* TASK DIRECTIONS
Transcribe the listing that follows in full, exactly, and drop its images.
COLLECTED MATERIAL START
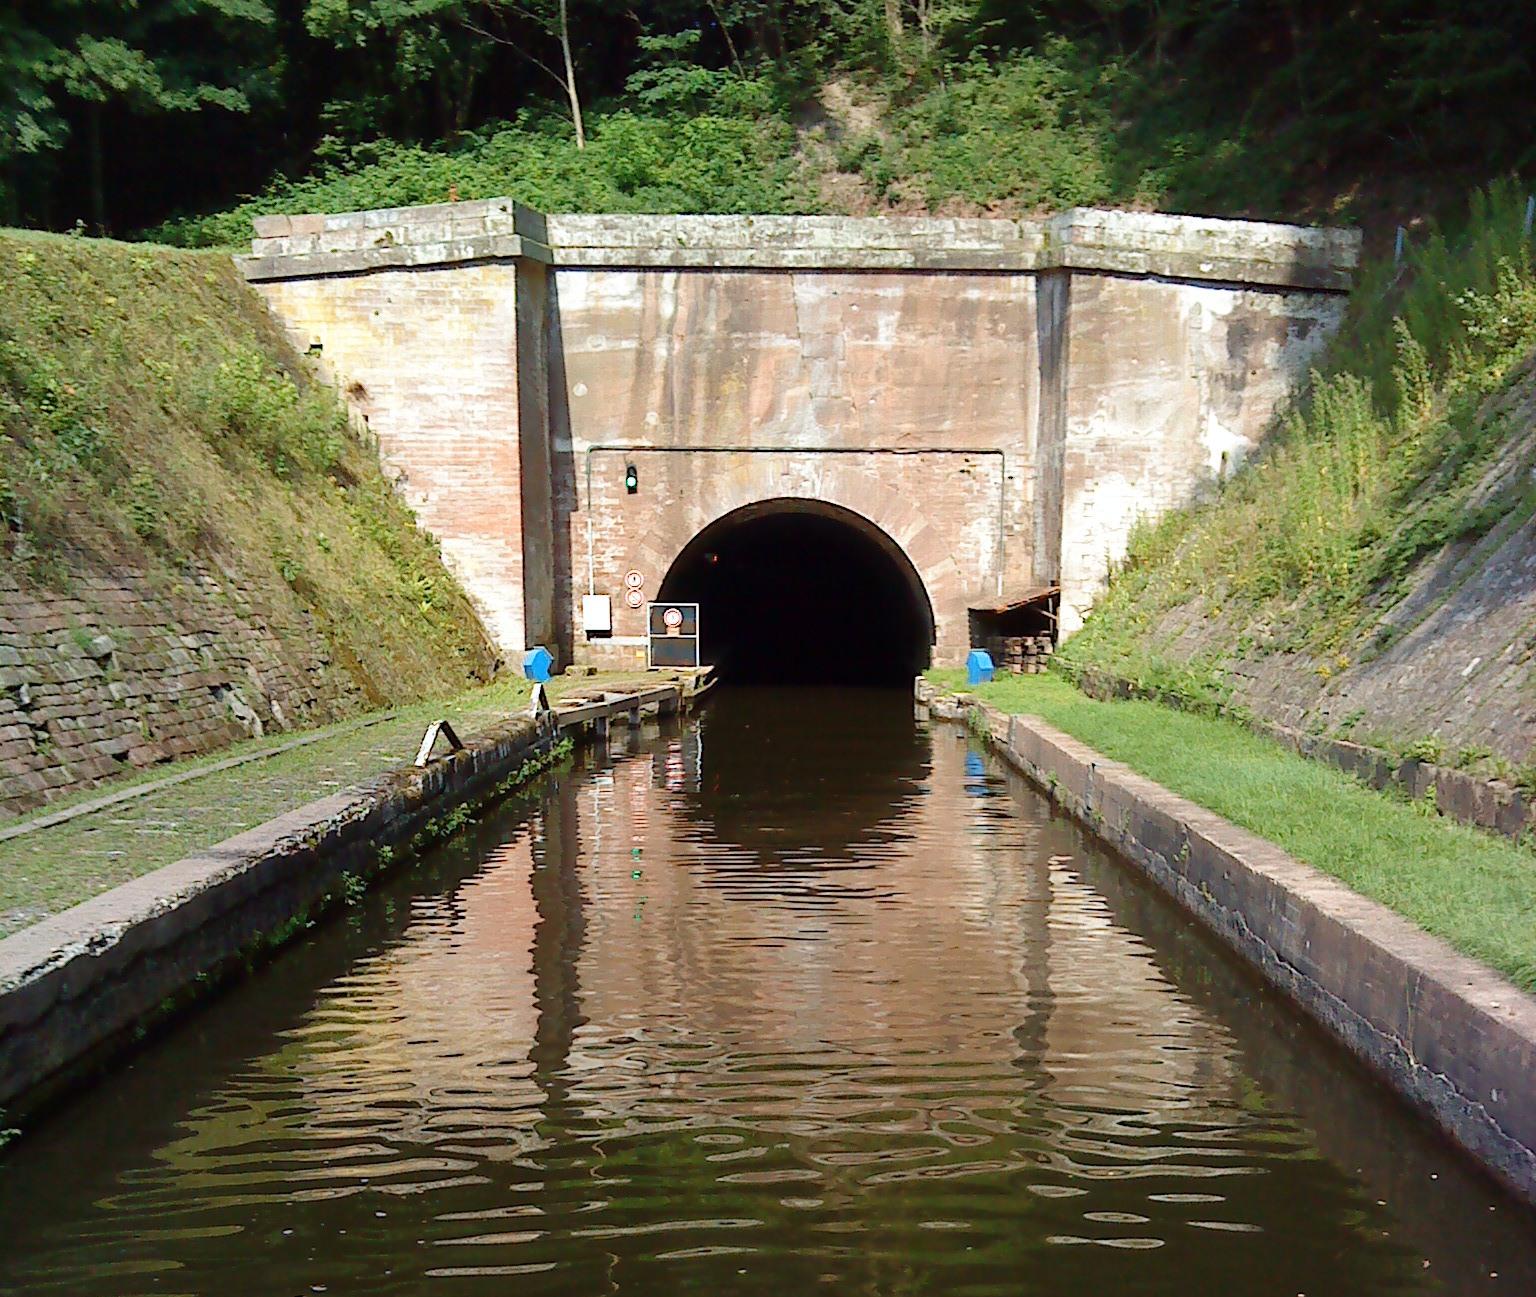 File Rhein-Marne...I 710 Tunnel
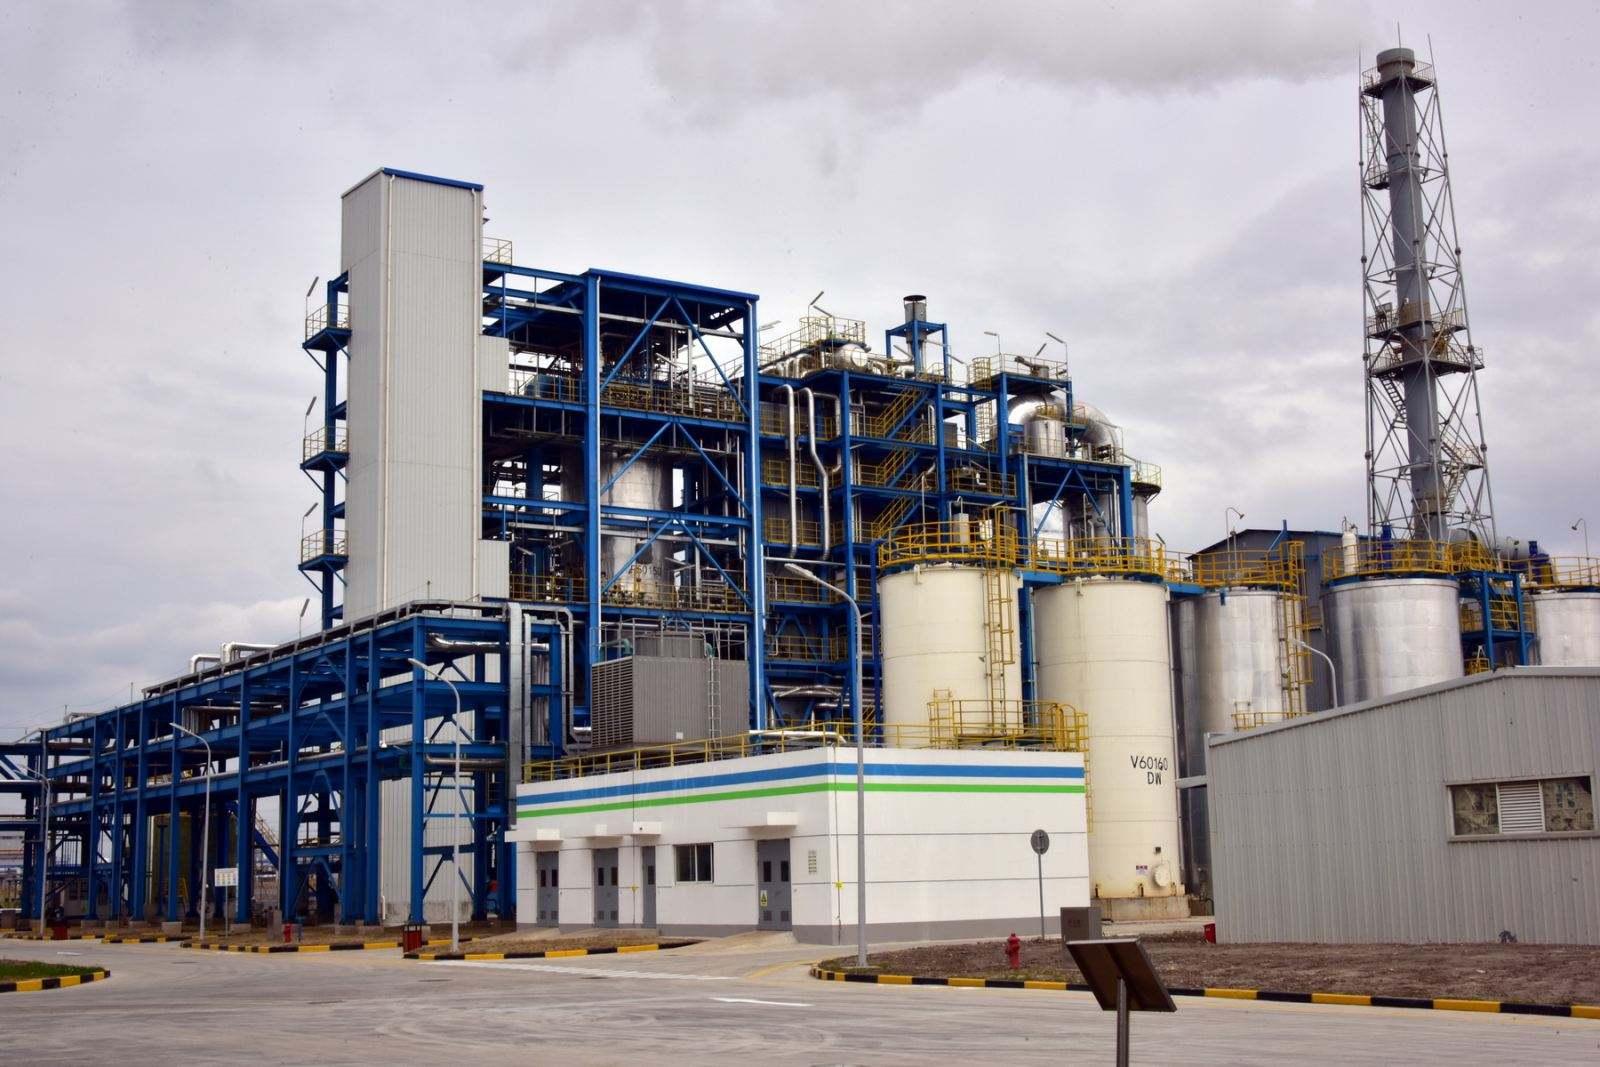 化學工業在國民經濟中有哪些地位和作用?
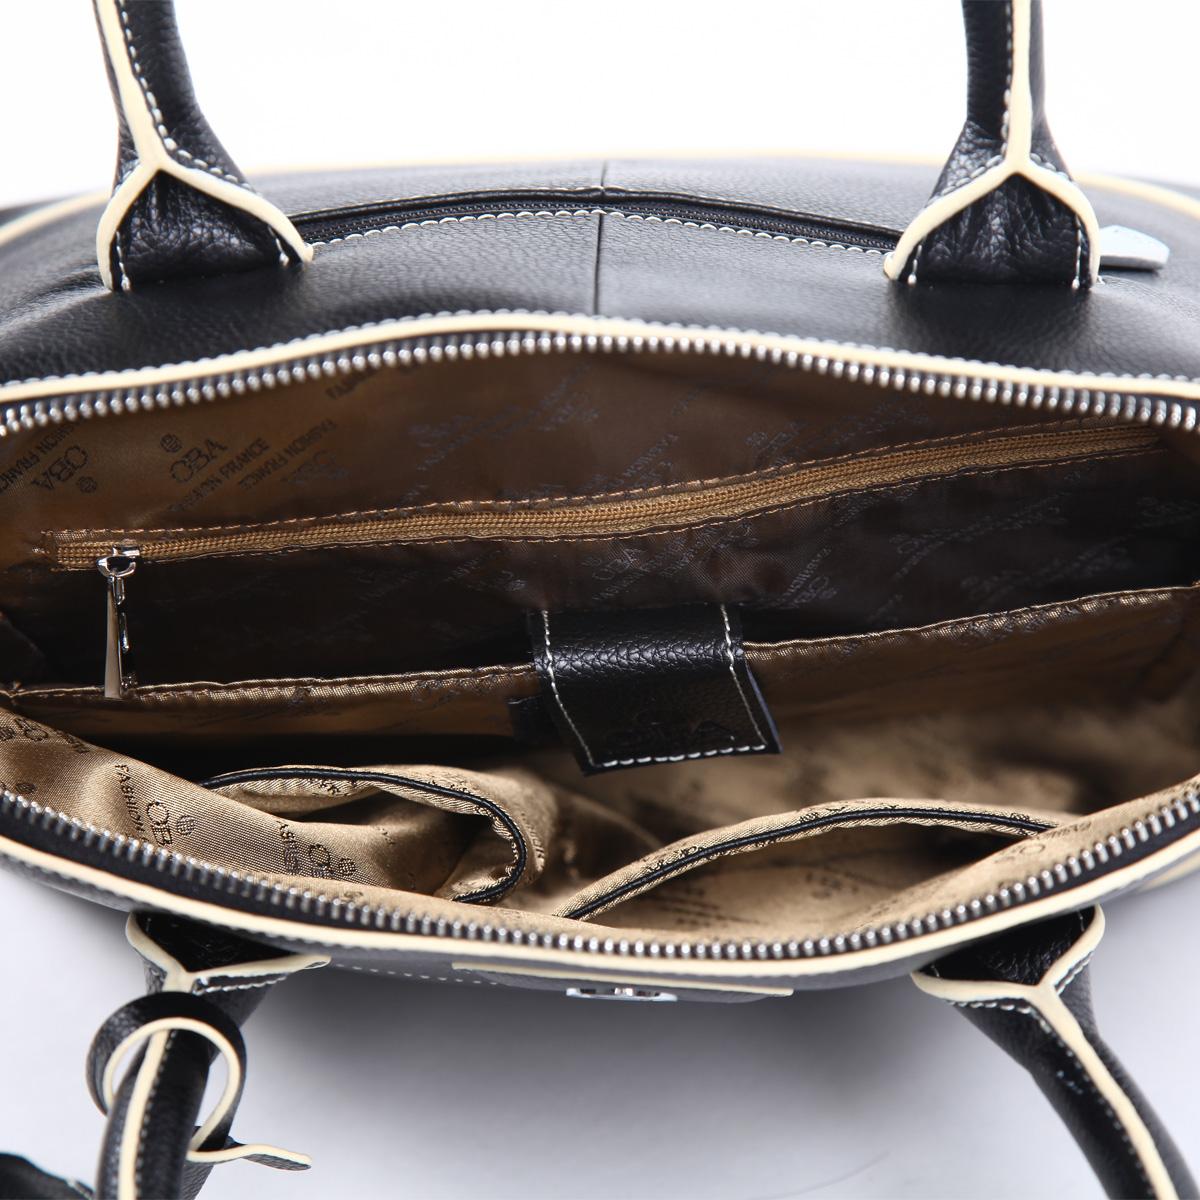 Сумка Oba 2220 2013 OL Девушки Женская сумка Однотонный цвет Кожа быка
COLLECTED MATERIAL END
* WORKED SOLUTION
 File Rhein-Marne...I 710 Tunnel
 化學工業在國民經濟中有哪些地位和作用?
 Сумка Oba 2220 2013 OL Девушки Женская сумка Однотонный цвет Кожа быка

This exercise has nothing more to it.